Understanding these fundamental concepts is essential for effectively implementing chaos engineering with Harness. This guide covers the core terminology, principles, and Harness-specific components you'll encounter.

What is Chaos Engineering?

Chaos engineering is a proactive approach that intentionally injects failures into your system to identify weaknesses and improve resilience before real issues occur. It's the discipline of performing experiments on software to build confidence in the system's capability to withstand turbulent and unexpected conditions.

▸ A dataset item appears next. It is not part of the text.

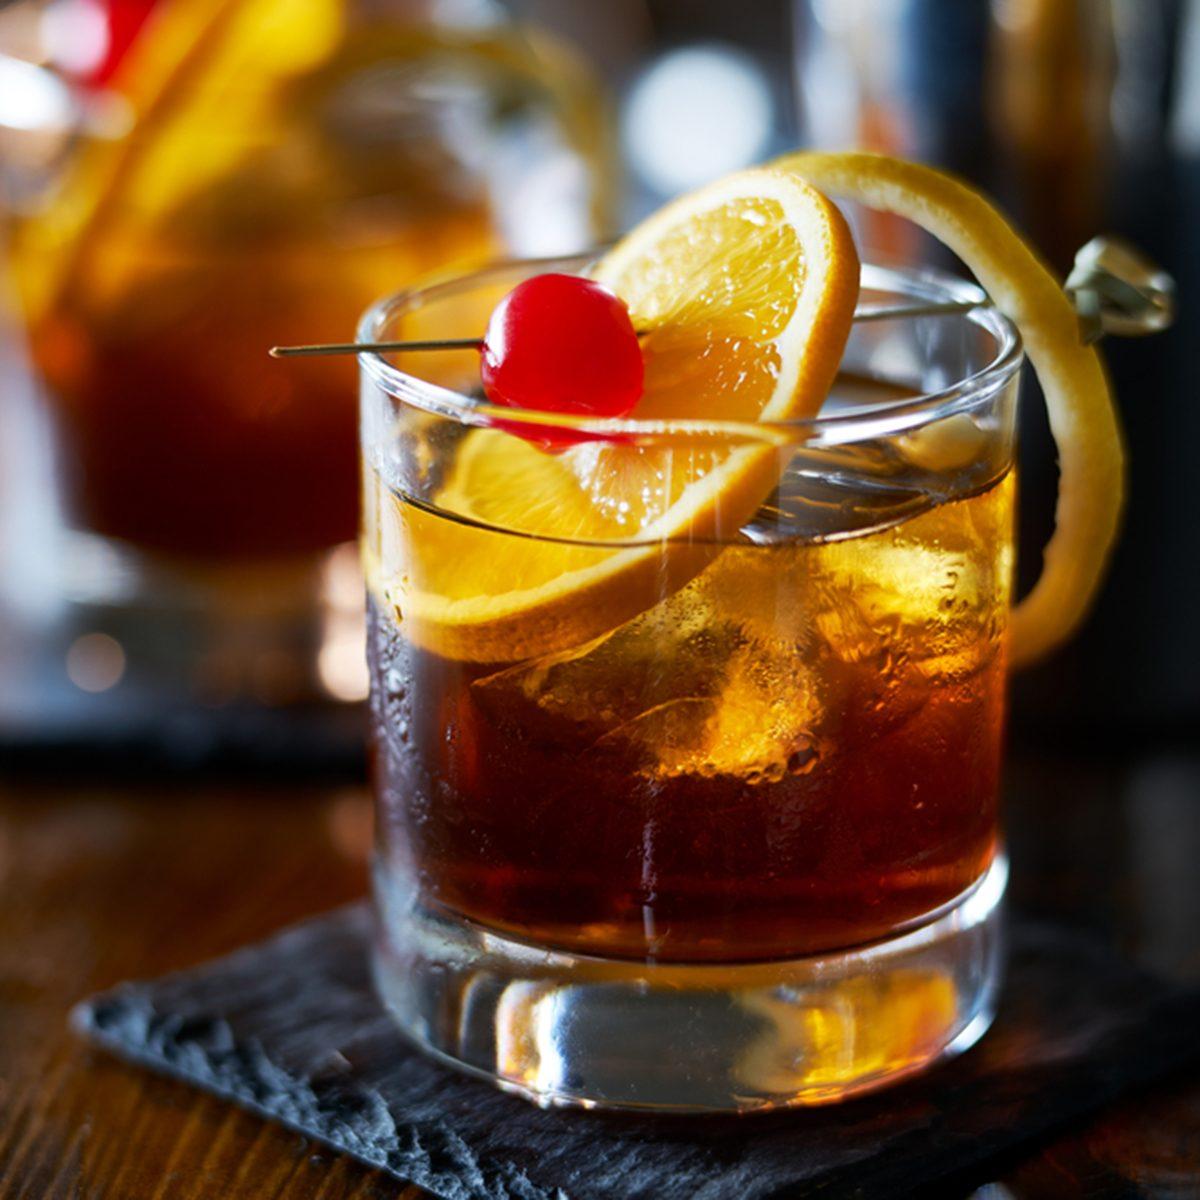 tasty alcoholic old fashioned cocktail with orange slice, cherry, and lemon peel garnish; Shutterstock ID 583137544; Job (TFH, TOH, RD, BNB, CWM, CM): TOH

Key Point: Chaos engineering isn't the same as software testing (manual or automated) which verifies that your system is working as expected. Instead, it assumes something will go wrong and helps you prepare for it.

Core Principles

1. Steady State Hypothesis

The steady state represents your system's normal operating condition. In Harness Chaos Engineering, you:

  • Define measurable system outputs that indicate normal behavior
  • Establish baseline metrics using Service Level Objectives (SLOs)
  • Set acceptable thresholds for system performance
  • Use Resilience Probes to validate system health

Example: "Our API should maintain 99.9% availability with response times under 200ms during normal operations."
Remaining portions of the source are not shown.